Ibritumomab tiuxetan

Monoclonal antibody
- Type: Whole antibody
- Source: Mouse
- Target: CD20

Clinical data
- Trade names: Zevalin
- AHFS/Drugs.com: Monograph
- License data: US DailyMed: Ibritumomab tiuxetan;
- Routes of administration: Intravenous
- ATC code: V10XX02 (WHO) ;

Legal status
- Legal status: US: ℞-only; EU: Lapsed;

Identifiers
- CAS Number: 206181-63-7;
- DrugBank: DB00078;
- ChemSpider: none;
- UNII: 4Q52C550XK;
- KEGG: D04489;
- ChEMBL: ChEMBL1201606;

= Ibritumomab tiuxetan =

Radioimmunotherapy treatment

Ibritumomab tiuxetan (pronounced /ɪbrɪˈtuːmoʊmæb taɪˈʌksɛtæn/), sold under the trade name Zevalin, is a monoclonal antibody radioimmunotherapy treatment for non-Hodgkin's lymphoma. The drug uses the monoclonal mouse IgG1 antibody ibritumomab in conjunction with the chelator tiuxetan, to which a radioactive isotope (either yttrium-90 or indium-111) is added. Tiuxetan is a modified version of DTPA whose carbon backbone contains an isothiocyanatobenzyl and a methyl group.

==Medical use==
Ibritumomab tiuxetan is used to treat relapsed or refractory, low grade or transformed B cell non-Hodgkin's lymphoma (NHL), a lymphoproliferative disorder, and previously untreated follicular NHL in adults who achieve a partial or complete response to first-line chemotherapy.

The treatment starts with an infusion of rituximab. This may be followed by an administration of indium-111 labeled ibritumomab tiuxetan (^{111}In replaces the ^{90}Y component) to allow the distribution of the medication to be imaged on a gamma camera, before the actual therapy is administered.

===Mechanism of action===
The antibody binds to the CD20 antigen found on the surface of normal and malignant B cells (but not B cell precursors), allowing radiation from the attached isotope (mostly beta emission) to kill it and some nearby cells. In addition, the antibody itself may trigger cell death via antibody-dependent cell-mediated cytotoxicity (ADCC), complement-dependent cytotoxicity (CDC), and apoptosis. Together, these actions eliminate B cells from the body, allowing a new population of healthy B cells to develop from lymphoid stem cells.

==History==
Developed by IDEC Pharmaceuticals, now part of Biogen Idec, ibritumomab tiuxetan was the first radioimmunotherapy drug approved by the US Food and Drug Administration (FDA) in 2002 to treat cancer. It was approved for the treatment of people with relapsed or refractory, low‑grade or follicular B‑cell non‑Hodgkin's lymphoma (NHL), including people with rituximab refractory follicular NHL. It was given marketing authorization by the European Medicines Agency in 2004 for the treatment of adults with rituximab relapsed or refractory CD20+ follicular B-cell non-Hodgkin's lymphoma but. The authorization lapsed in July 2024, after it wasn't marketed for more than three consecutive years.

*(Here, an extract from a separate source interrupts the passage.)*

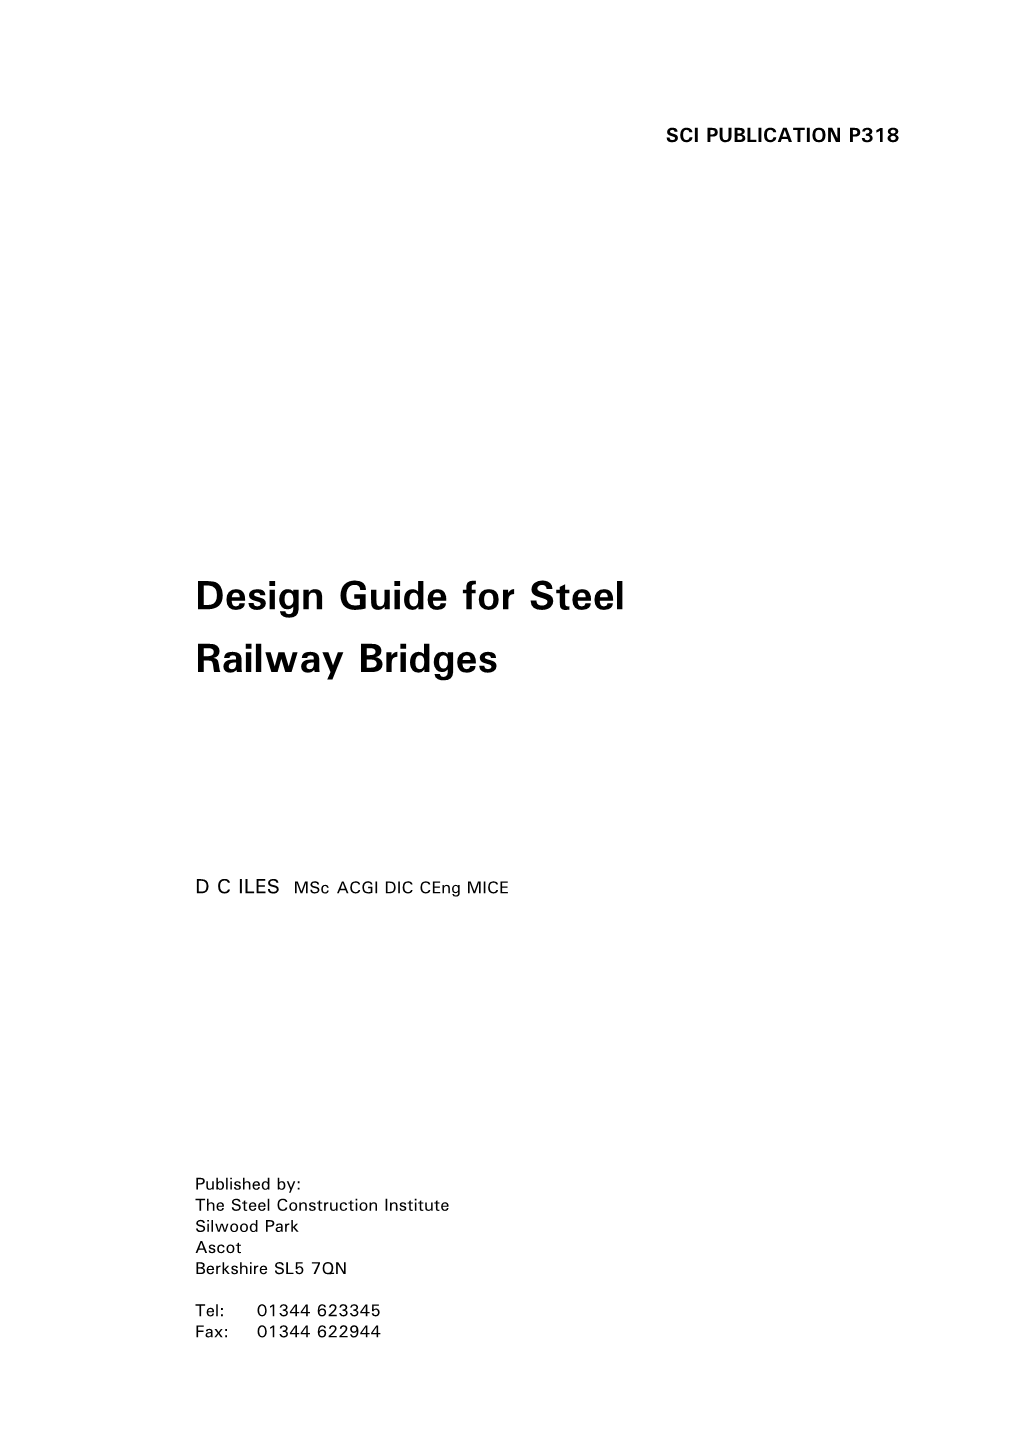 Design Guide for Steel Railway Bridges (P318)

In September 2009, ibritumomab tiuxetan received approval from the FDA for an expanded label to include previously untreated people with a chemotherapy response.

== Society and culture ==
=== Economics ===
Ibritumomab tiuxetan is under patent protection and not available in generic form. When approved, it was the most expensive medication available given in a single dose, costing over (€30,000) for the average dose. Compared with other monoclonal antibody treatments (many of which are well over $40,000 for a course of therapy), it may be considered cost effective.